The American gentry is often hidden by traditional class narratives: They can make hundreds of thousands of dollars a year as the owner of a bunch of Toyota dealerships, but they don’t have the same class status as, say, the chief executive of Toyota North America.
And, as David French noted in his newsletter on Tuesday, the American gentry’s invisibility is part of the problem — and precisely what the Republican Party is trying to court with its rhetoric about coastal elitism: “A tremendous amount of Trump’s appeal rests with an extremely prosperous G.O.P. base that’s respected and admired in their home communities but feels scorned by [American cultural elites] and fears that its place in the national conversation hangs by a Big Tech thread.”
This group of people, French observes, has “prosperity and local power, but they lack cultural influence outside of their churches and civic associations. They increasingly perceive their path to national influence as lying increasingly (maybe even exclusively) through political power.”
But the obsession of some Republicans with fighting coastal elitism seems to distract from a simple truth: Local power, and local money, are still power and money. Sure, as a member of the media, I can get members of Congress to respond to my emails (sometimes), but I can’t get rid of a prominent and highly paid college basketball coach like Archie Miller in one fell swoop. School boards in my home state probably don’t care much about what I have to say, but if I owned six car dealerships in suburban Cincinnati, they just might.
So what if I and the person who bankrolled Archie Miller’s buyout are both elites? What would that mean for our politics if we acknowledged that I have power, but so does the guy who owns a fast-food chain in suburban Tennessee?

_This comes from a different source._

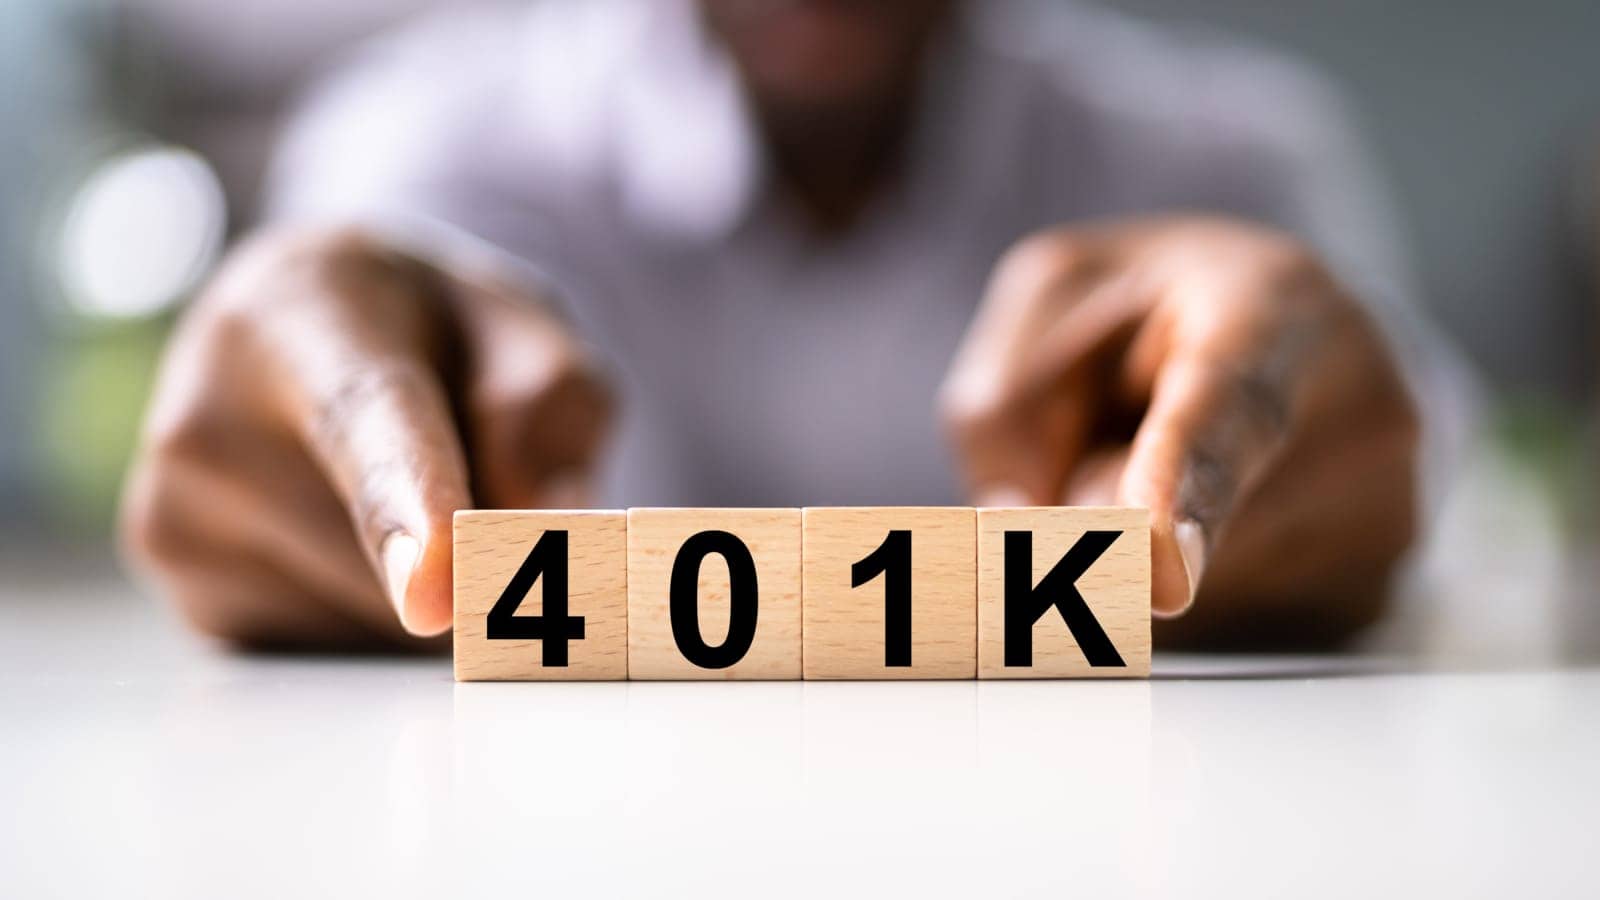 Man with 401k Blocks in front of fingers

And what if that power means we both have tremendous responsibilities, which can’t be foisted off because I’m not rich and he doesn’t live in a “cosmopolitan city” or work for a “media elite”?
I wonder. It could mean a reshaping of how we think about the relationships between wealth and power, recognizing that local power still matters and acknowledging that power should be accepted, not be foisted off onto one’s ideological opposition. Using disempowerment as a rallying cry — reveling in one’s “victim status,” as some might call it — wouldn’t work anymore. And the wielding of power and wealth would come with an understanding and acceptance of personal accountability.
Almost like a certain Big Ten basketball coach who couldn’t get his team into the NCAA tournament.